═════ Data shown ═════

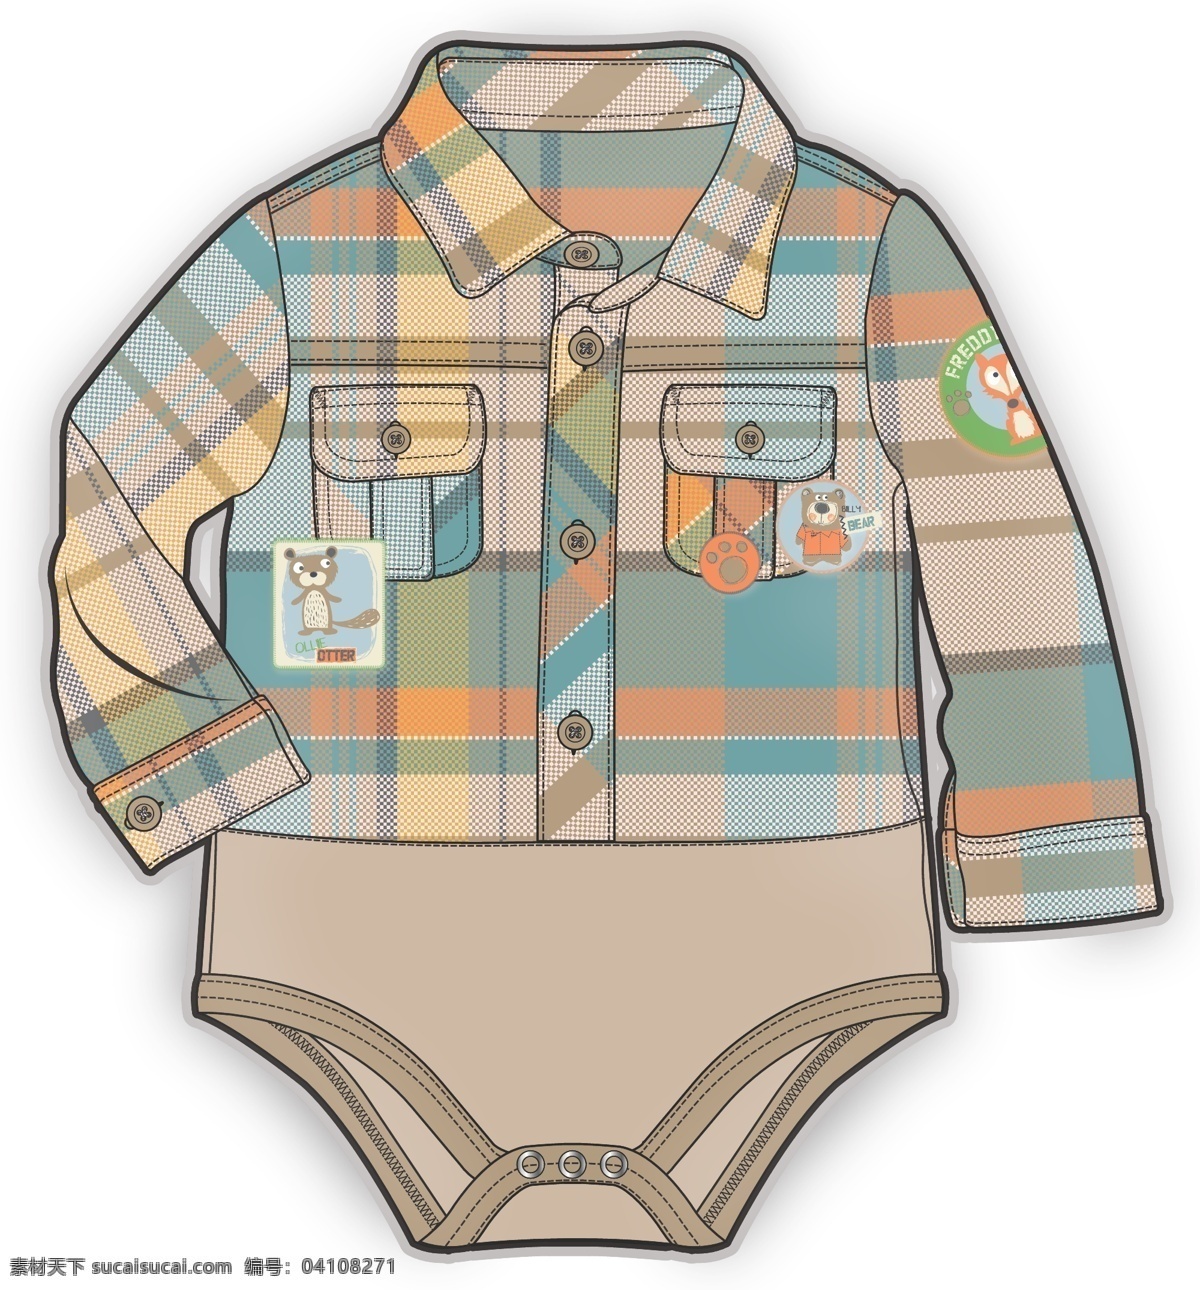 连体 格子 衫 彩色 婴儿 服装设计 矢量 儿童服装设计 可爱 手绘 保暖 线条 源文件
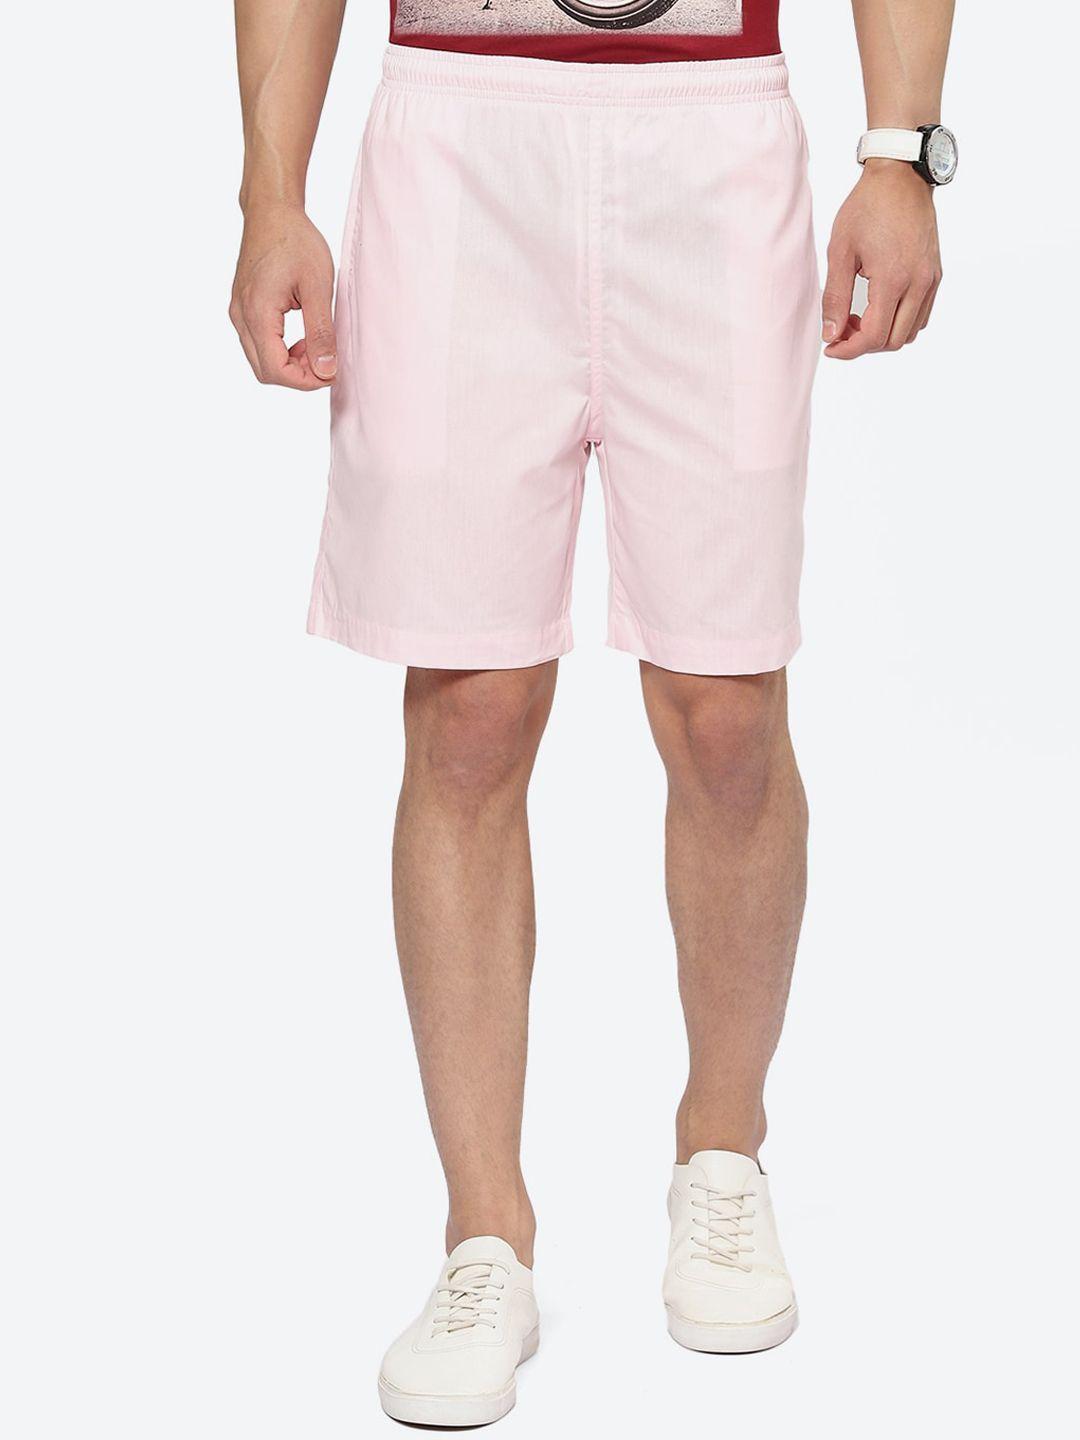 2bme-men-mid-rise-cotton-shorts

═════
═════ Data shown ═════

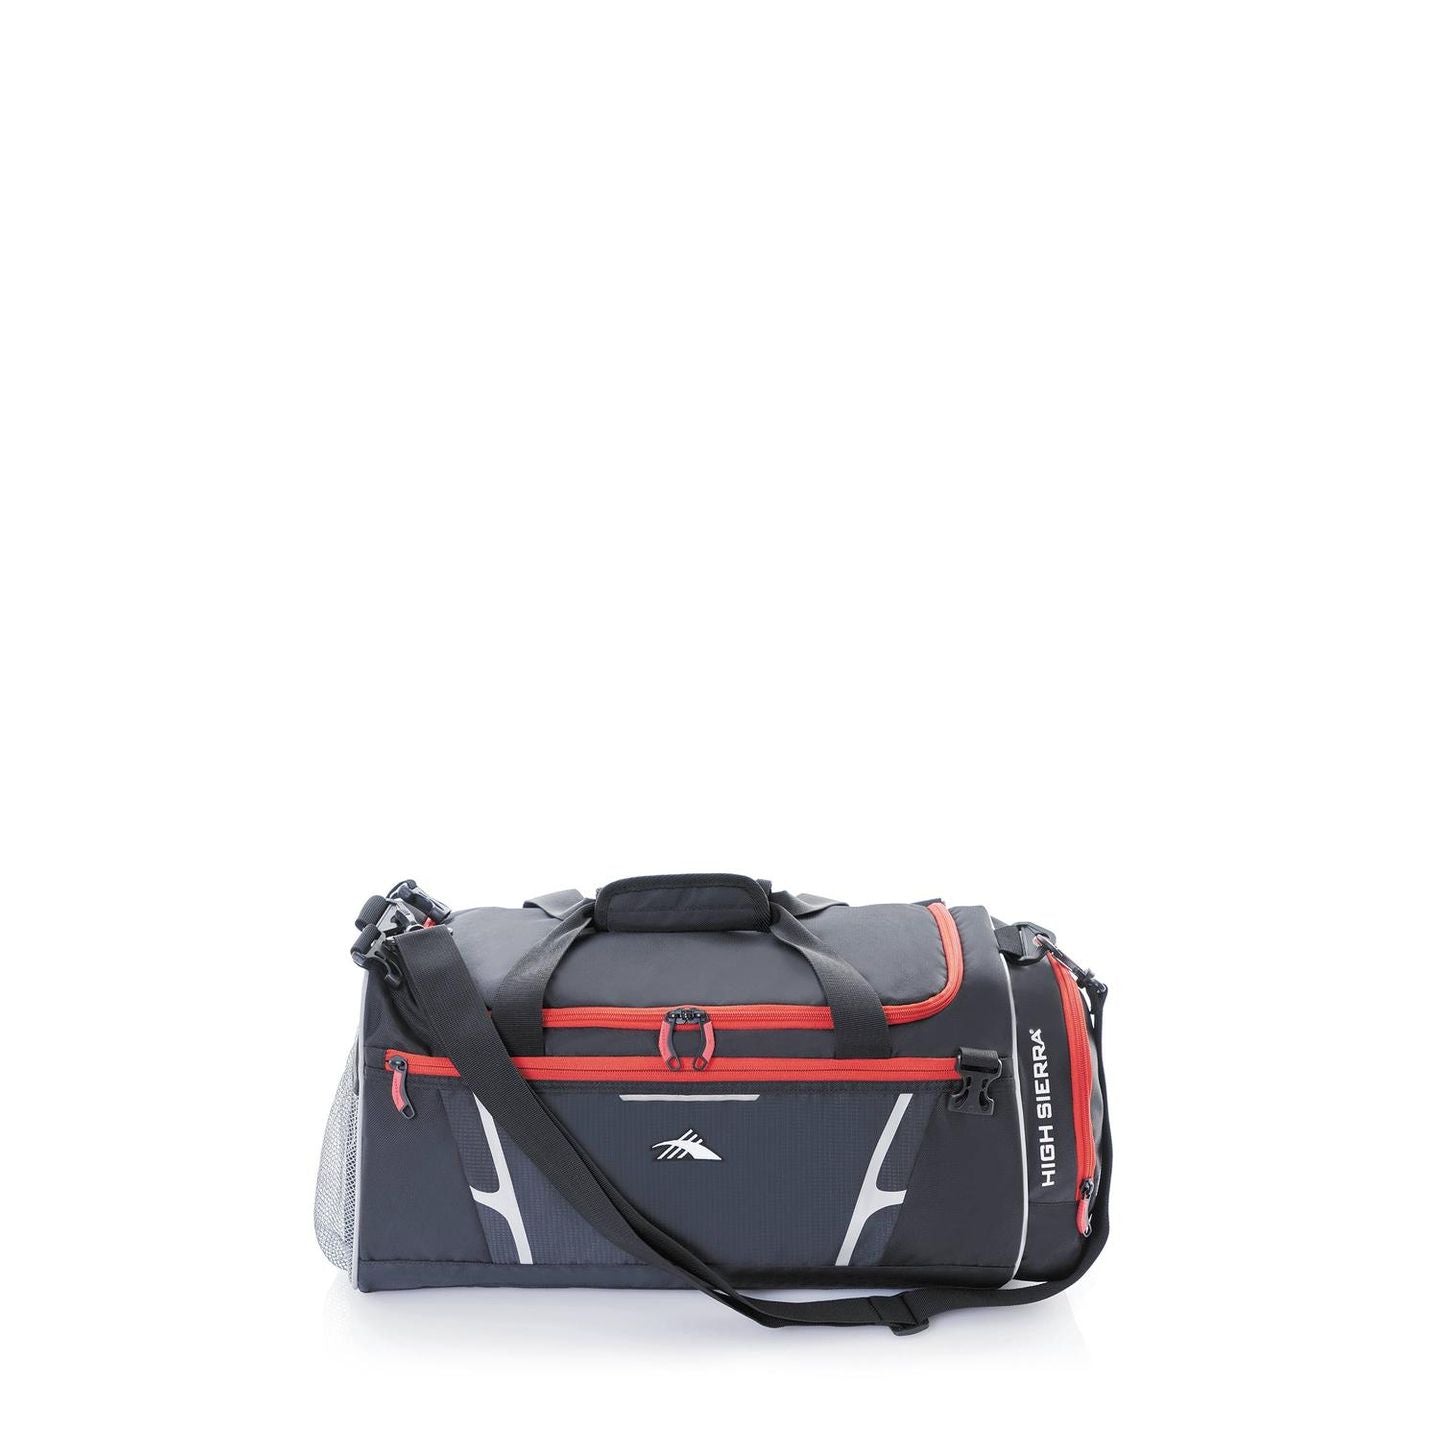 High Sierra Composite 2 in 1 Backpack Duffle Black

═════

* [Exercise description]: In the entries above, find the line containing "连体 格子 衫 彩色 婴儿 服装设计 矢量 儿童服装设计 可爱 手绘 保暖 线条 源文件" and the line containing "2bme-men-mid-rise-cotton-shorts", then copy both and every line between them exactly, without any picture.

* [Output below]:
 连体 格子 衫 彩色 婴儿 服装设计 矢量 儿童服装设计 可爱 手绘 保暖 线条 源文件
 2bme-men-mid-rise-cotton-shorts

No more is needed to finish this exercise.